I have been pawing over the Internet on and off this morning, and can't find evidence of the performance on CD. The LP is listed here and there - it's Angel S-36552 - but that doesn't do many people much good. I hope it's on YouTube, even though I'm not convinced that the YouTube environment is the best listening place.

I debated for awhile the advisability of posting this information without the availability of a CD, it can be considered a kind of I've-got-it-you-ain't thing. My annoyance and regret that the CD isn't available has overpowered my innate empathy.

:tiphat:


----------



## Mandryka (Feb 22, 2013)

Ukko said:


> Schumann's Carnaval, Op.9, has been performed in recital and recorded on disc by 'most everybody who is anybody' in the upper echelon pianist category. Like most of Schumann's music the work has layers of 'meaning', and so is amenable to quite differing interpretations. One of the most distinctive _there are dark depths_ interpretations was recorded by Weissenberg for EMI in 1967 or 1968 (the Angel release is from 1968). I have the LP, and listened to my transfer of it again last evening. From the first bars on, the gaiety one associates with a day at the carnaval (sticking with the title spelling) has something dark at the heart of it. The gradual recognition that 'all is not well', common to many excellent performances, is gradual here too, except that the hint shows up immediately. You might think that this would detract from the total effect of the music, but for me at least that is not the case - here it only makes room for things to get darker than those other pianists get.
> 
> I have been pawing over the Internet on and off this morning, and can't find evidence of the performance on CD. The LP is listed here and there - it's Angel S-36552 - but that doesn't do many people much good. I hope it's on YouTube, even though I'm not convinced that the YouTube environment is the best listening place.
> 
> ...


No, I don't believe that it has ever been on CD, even though I have a very vague memory of seeing it on a Japanese CD years ago, I can't be sure. I never bought it because at the time Carnival didn't interest me much. It is not on youtube.
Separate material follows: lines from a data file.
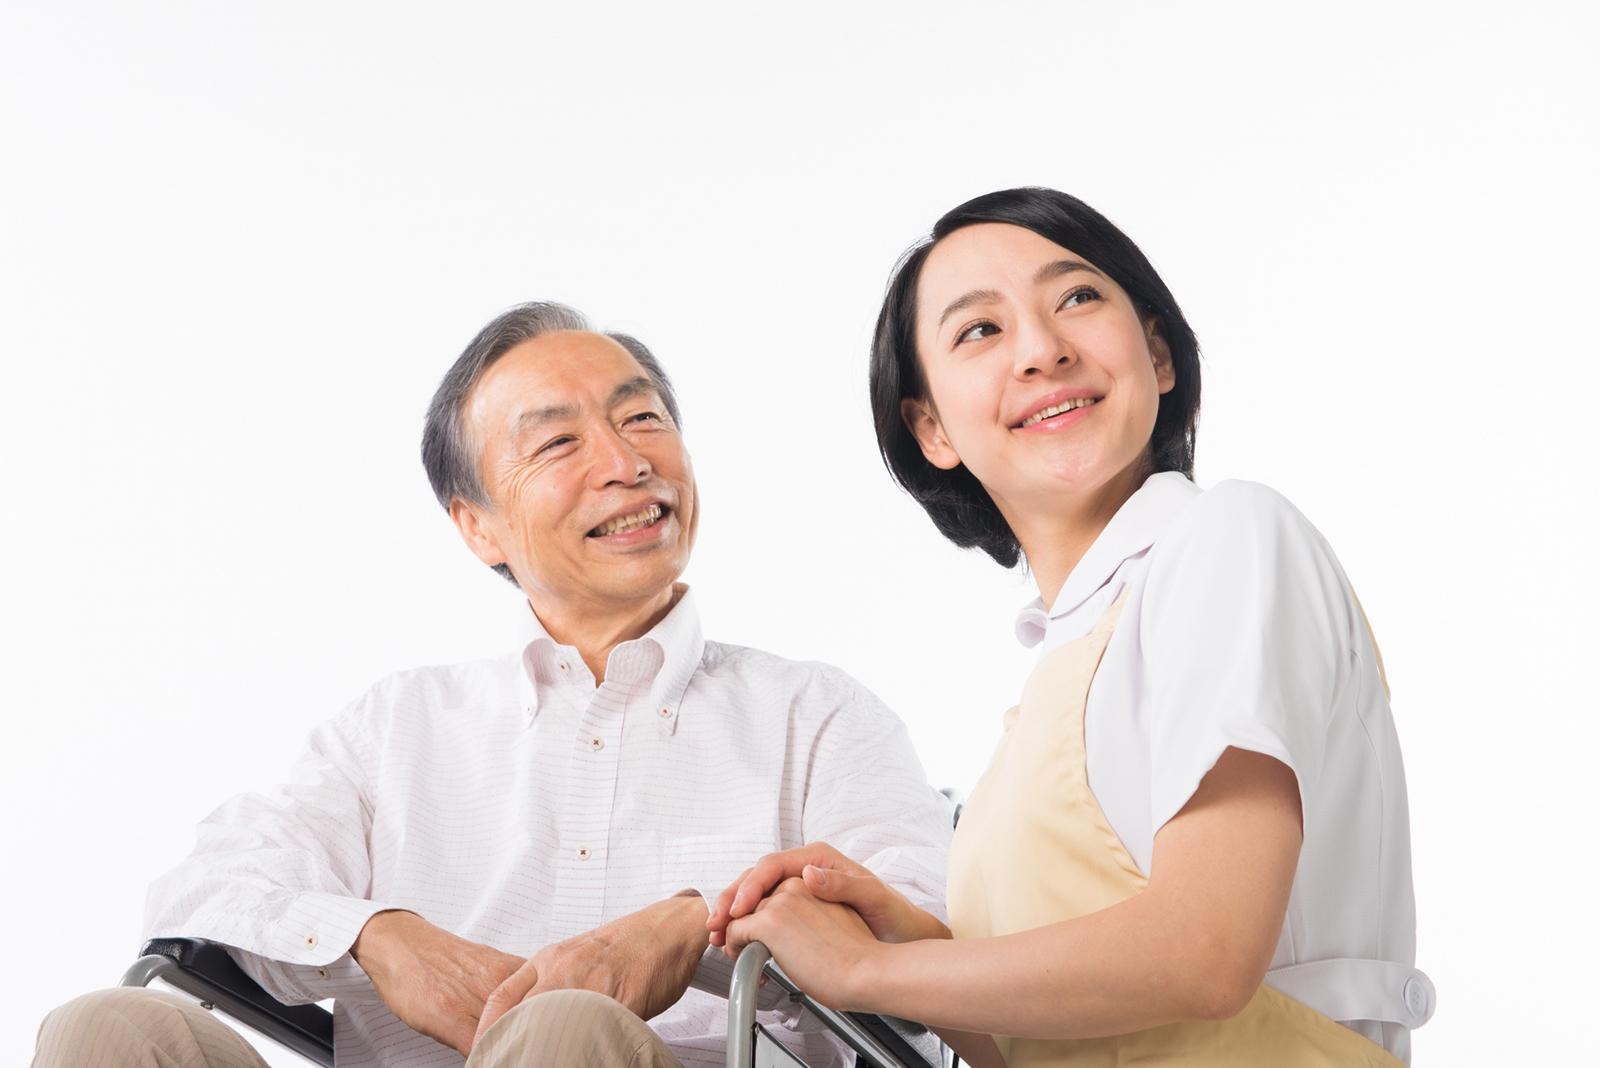 【介護スタッフ 】未経験の方もキャリアアップ目指したい方もご応募ください♪
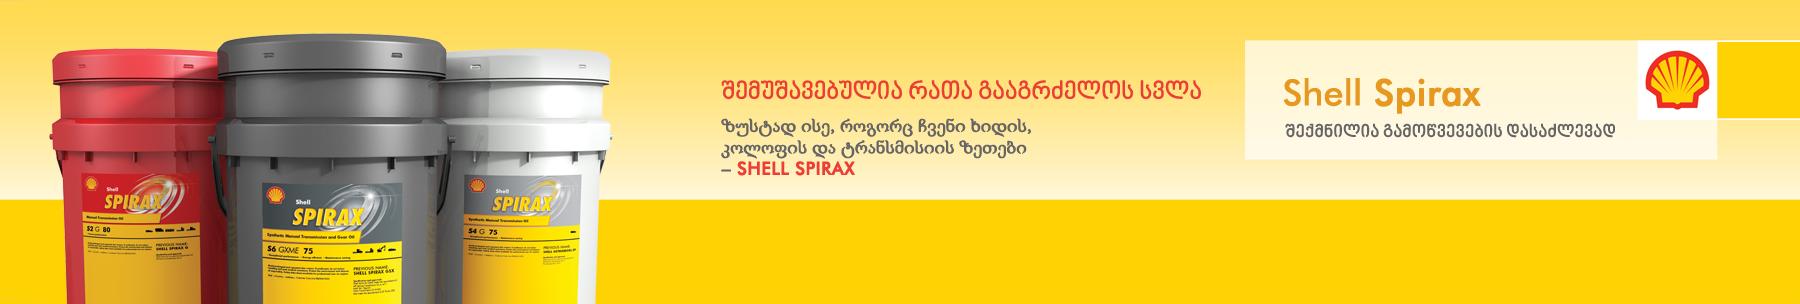 shel_spirax_ge
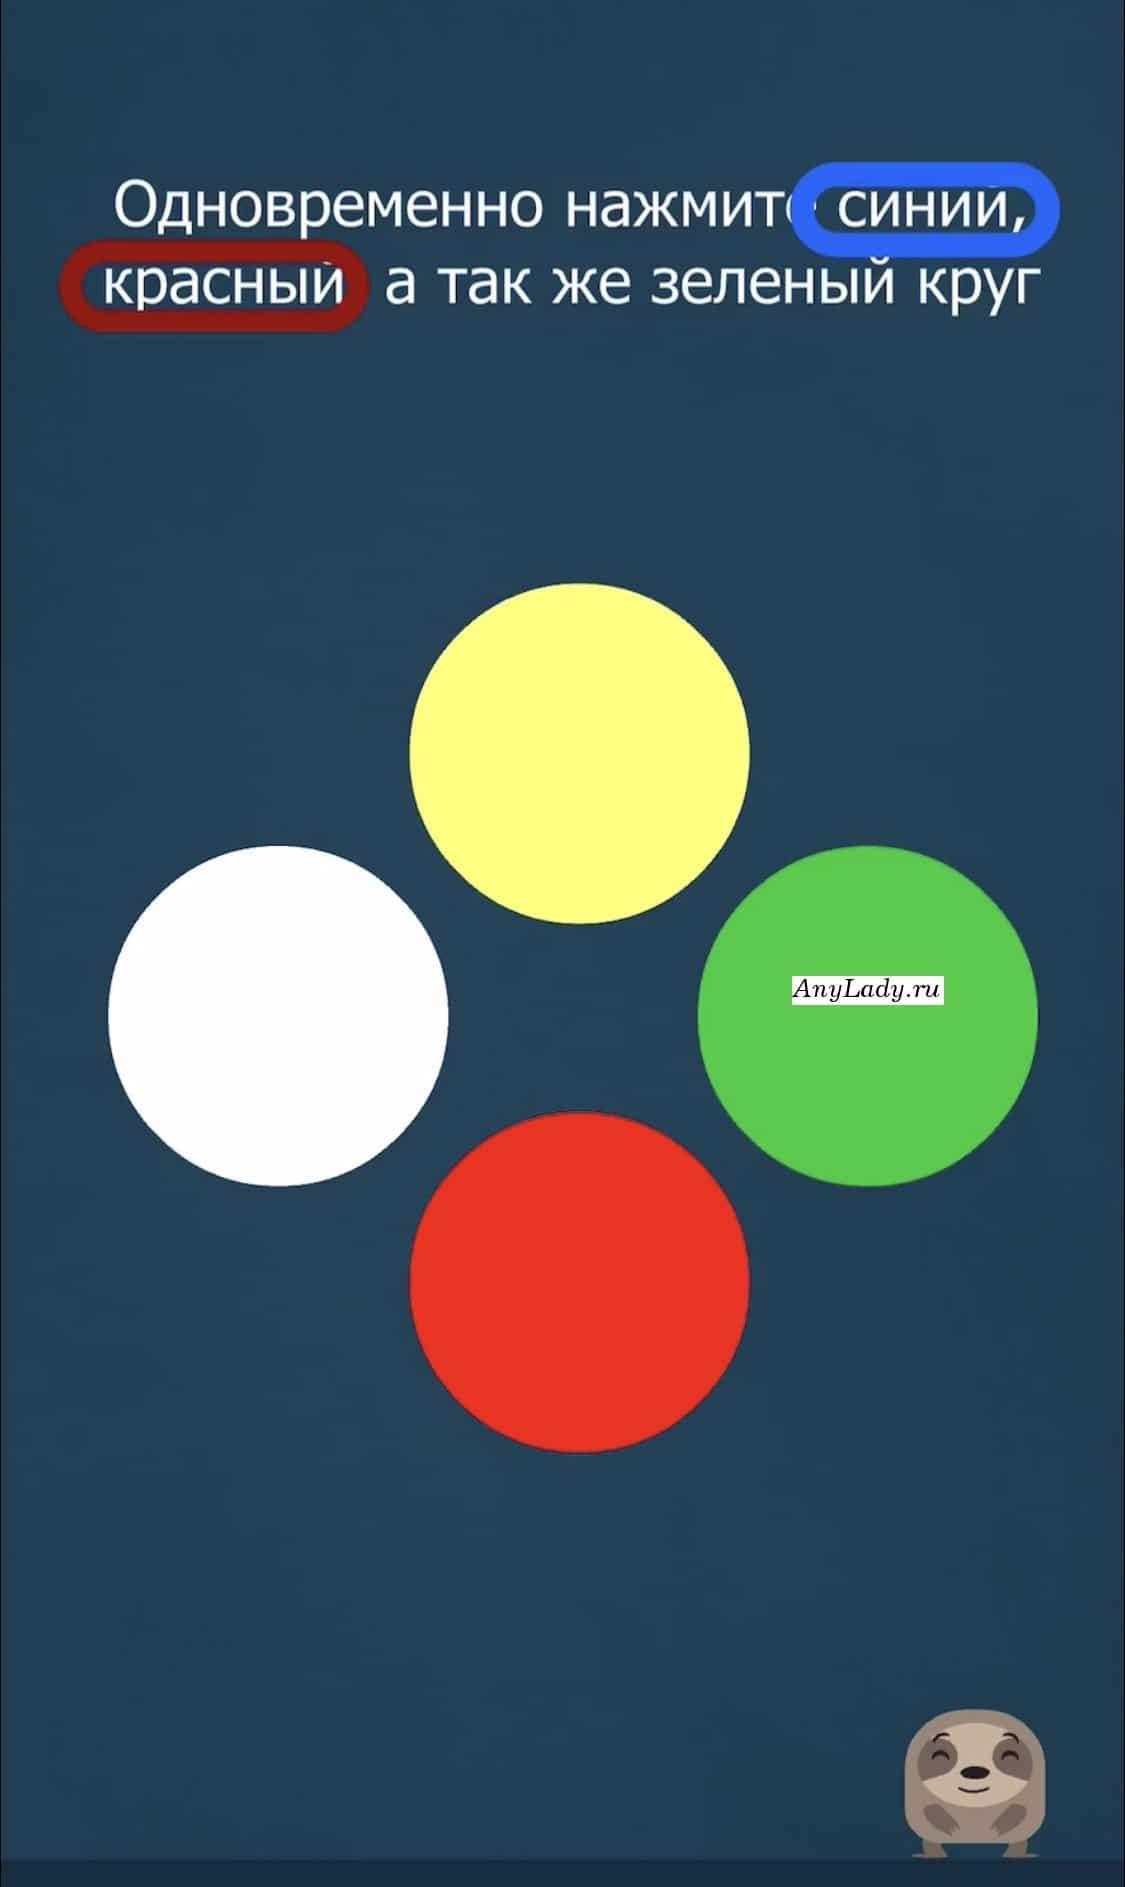 Единовременно зажмите пальцами: Зеленый круг и слова в тексте КРАСНЫЙ и СИНИЙ.
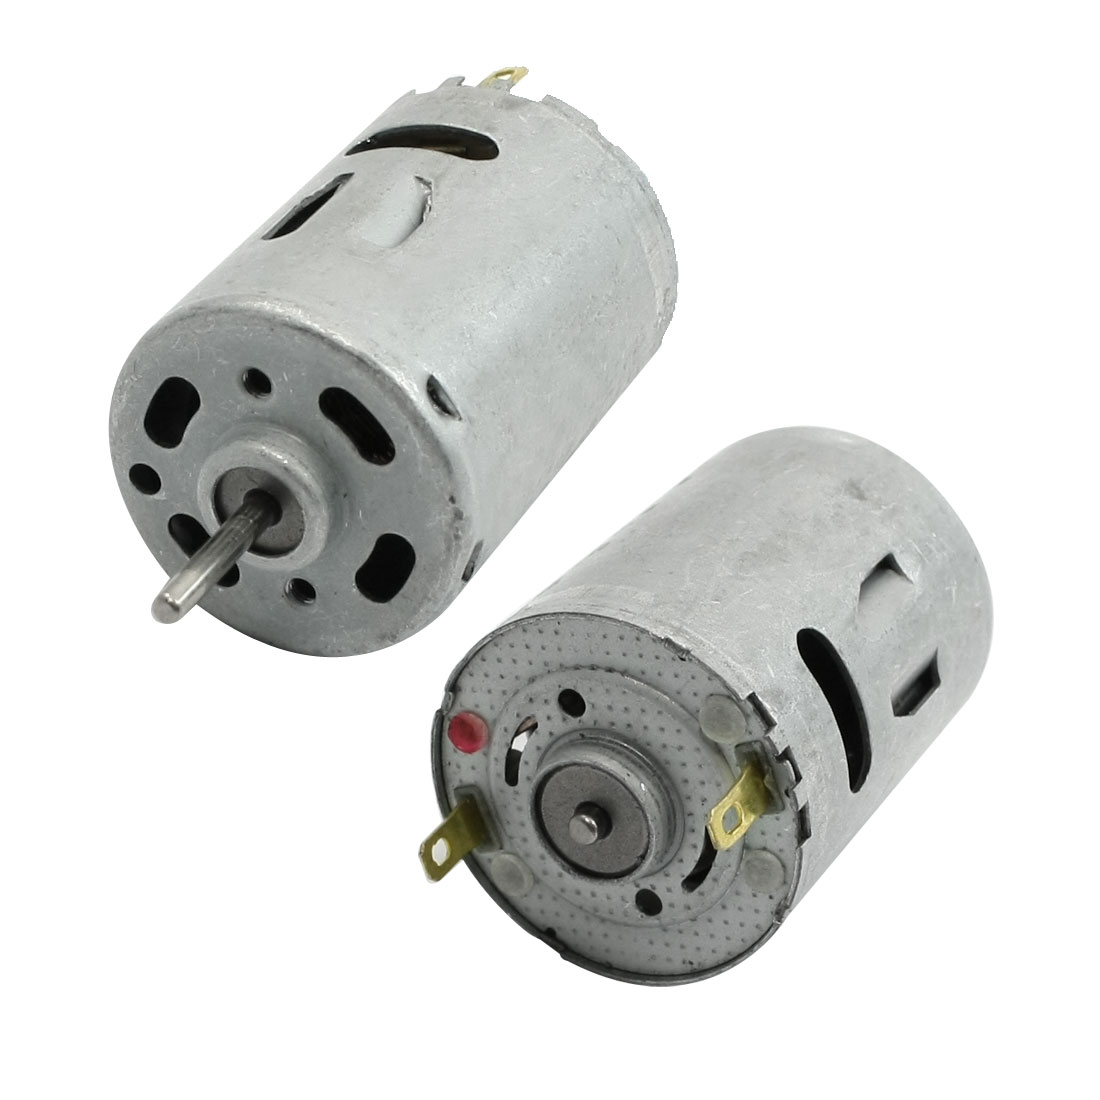 2 Pcs 6V DC 12000RPM 2Terminals Connector 28mm Dia. Mini Motor Replacement

Why don't you get it transferred and share the results? I can put you on to someone in the UK who will do a very good job for very little money.


----------



## Ukko (Jun 4, 2010)

Mandryka said:


> No, I don't believe that it has ever been on CD, even though I have a very vague memory of seeing it on a Japanese CD years ago, I can't be sure. I never bought it because at the time Carnival didn't interest me much. It is not on youtube.
> 
> Why don't you get it transferred and share the results? I can put you on to someone in the UK who will do a very good job for very little money.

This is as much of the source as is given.